Comparison Of Multilevel Model And Its Statistical Diagnostics

statswork

5 years ago

Comparison Of Multilevel Model And Its Statistical Diagnostics

Diagnostics in Statistical Analysis is atmost important because there may be few influential observations which may distort the inference of the problem statement at hand. It is to be noted that all influential observations are not outliers, but some outliers are influential. In this blog, I will point out few standard statistical diagnostics in multilevel data.

Multilevel data and its diagnostics

Multi-level models are the statistical models of parameters (like in usual linear regression model) that vary at more than one level. It is also referred with many terms, namely, mixed-effect models, random effect model, hierarchical models and many more. In recent times, with the advent of statistical software and computations, multi-level or hierarchical models are widely used for longitudinal repeated measures analysis and in many meta data applications. Multi-level models could also applicable for non-linear case too by using appropriate Generalized Linear Mixed Models.

Like in Linear Regression Model, the mixed model also must satisfies the assumptions of the model. If any one of the assumptions is violated, then the data is taken to the diagnostics part of the model. Mostly, researchers checks the data for the independence. If it gets violated, then the most popular residual diagnostics is carried out to identify the influential or outlier points which deviate from other.

Table showing the linear regression between Attractiveness and Purchase Intention

Table showing the residuals of Linear Regression

However, residual diagnostics in the multilevel models needs careful attention. As a Statistical Analysis practitioner, I prefer to fit a level 1 (with one independent variable) regression model with and without the influential points and compare the plots of the residuals. Later, I will go for level 2 regression model and cross check the results. In addition, bootstrapping technique with jacknife residuals can also be useful in diagnosing the multi-level model for greater accuracy.

There are many software packages available in R for diagnosing a multi-level model and present a graphical display for easy reference. Few among them are:

residplot – is used for linear mixed model diagnostics
DHARMa – is used for residual diagnostics of GLMMs.
HLMdiag – is used for diagnostics for hierarchical models

Misspecification is a major problem when using usual residual statistics such as Pearson and Response in the multi-level modelling. However, DHARMa package overcomes this limitation and gives a straightforward method as in linear regression models. If there exists a unusual pattern in the data, it can be identified using the residual vs the predicted plots.

HLMdiag package allows the user to obtain the residuals
through least square estimates or bayes estimates. Also, it allows the user to
obtain various residuals using marginal, conditional distributions.
Furthermore, it provides deletion diagnostics with the help of distance based
metrics such as Cook’s distance, COVratio, COVtrace and MDFFITS.

Apart from residual diagnostics, Lindsey and Lindsey (2000) proposed a diagnostic tools for random effects model with an application to growth curve model. Snijders and Berkhof (2007) explained the diagnostics for multilevel models in a more concrete way. Also, Shi and Chen (2008) illustrated a case deletion diagnostics in multilevel models for identifying the influential observations in the data.

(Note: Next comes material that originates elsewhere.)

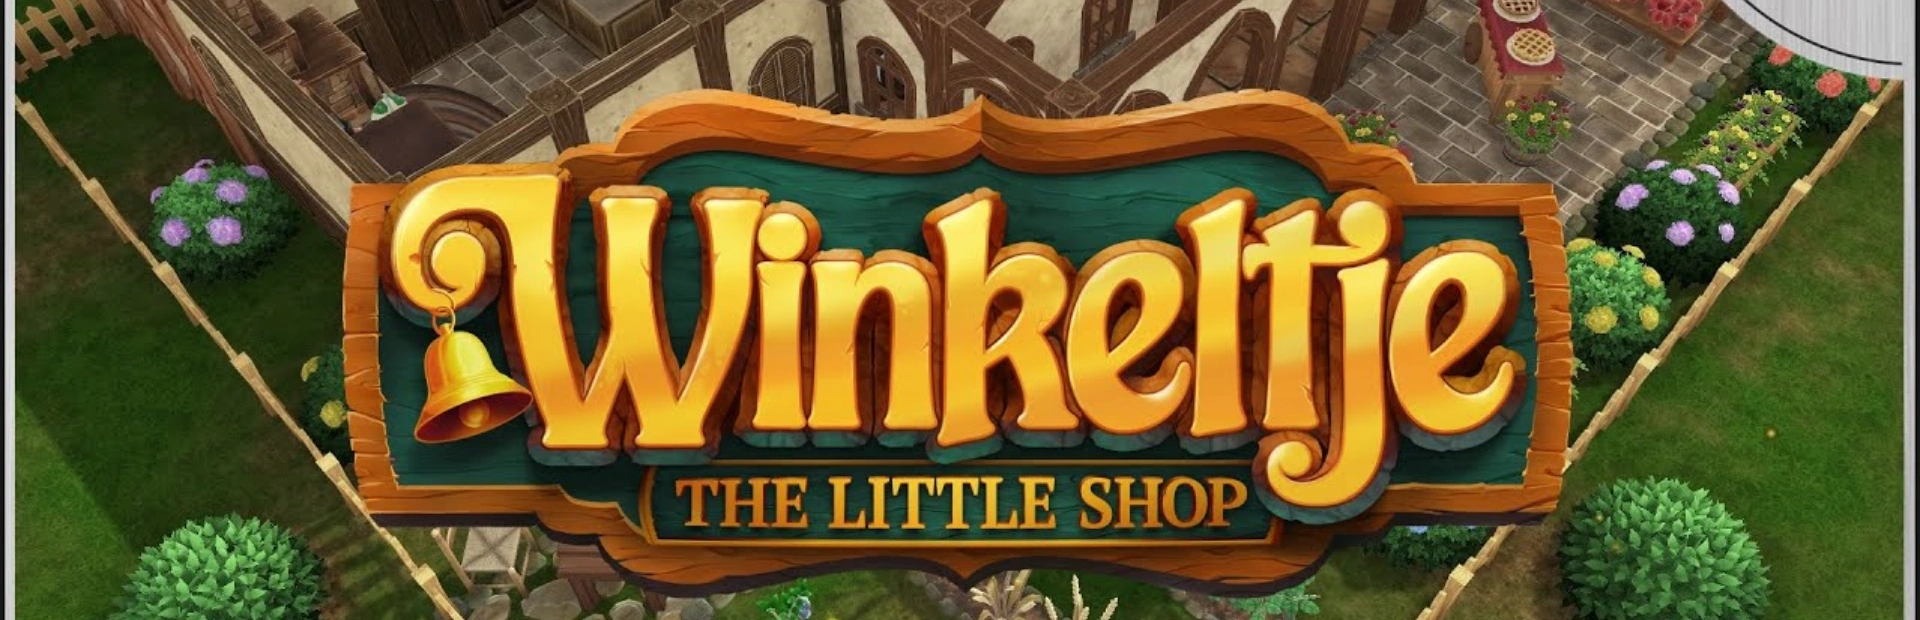 Winkeltje The.Little.Shop .banner3

There have been a lot of applications emerging for multilevel regression models especially in the Meta Data Analysis and it became a common practice in the field of statistics to make the model more accurate. In general, multi-level models are nested with more groups like colleges, lecture rooms, and country. Suppose, if we consider a comparative study using the variable country, it is obvious that there will be limited number of observations exists. This type of measurements easily influence the outcome from a regression model. Thus, more appropriate diagnostic measures are to be selected with the suitable model in validating the multi-level regression results with greater accuracy.

References

Goldstein, H. (2003). Multilevel statistical models. Third Edition. London: Edward Arnold.
Browne, W. and Rasbash, J. (2004). ‘Multilevel Modelling’, in Hardy, M. and Bryman, A. (eds.), Handbook of data analysis, Sage Publications, pp 459-78.
Christensen, R., Pearson, L.M., and Johnson, W. (1992) “Case-Deletion Diagnostics for Mixed Models, Technometrics, 34, 38 – 45.
Snijders and Berkhof (2007), Diagnostic checks for multi-level models. Handbook of Multilevel Analysis. Springer.
P.J Lindsey and J.K Lindsey (2000) Diagnostic tools for random effects in the repeated measures growth curve model. Computational statistics and Data Analysis, 33, 79-100.
Shi and Chen (2008). Case Deletion Diagnostics in Multilevel models, Journal of Multivariate Analysis, 99, 1860-1877.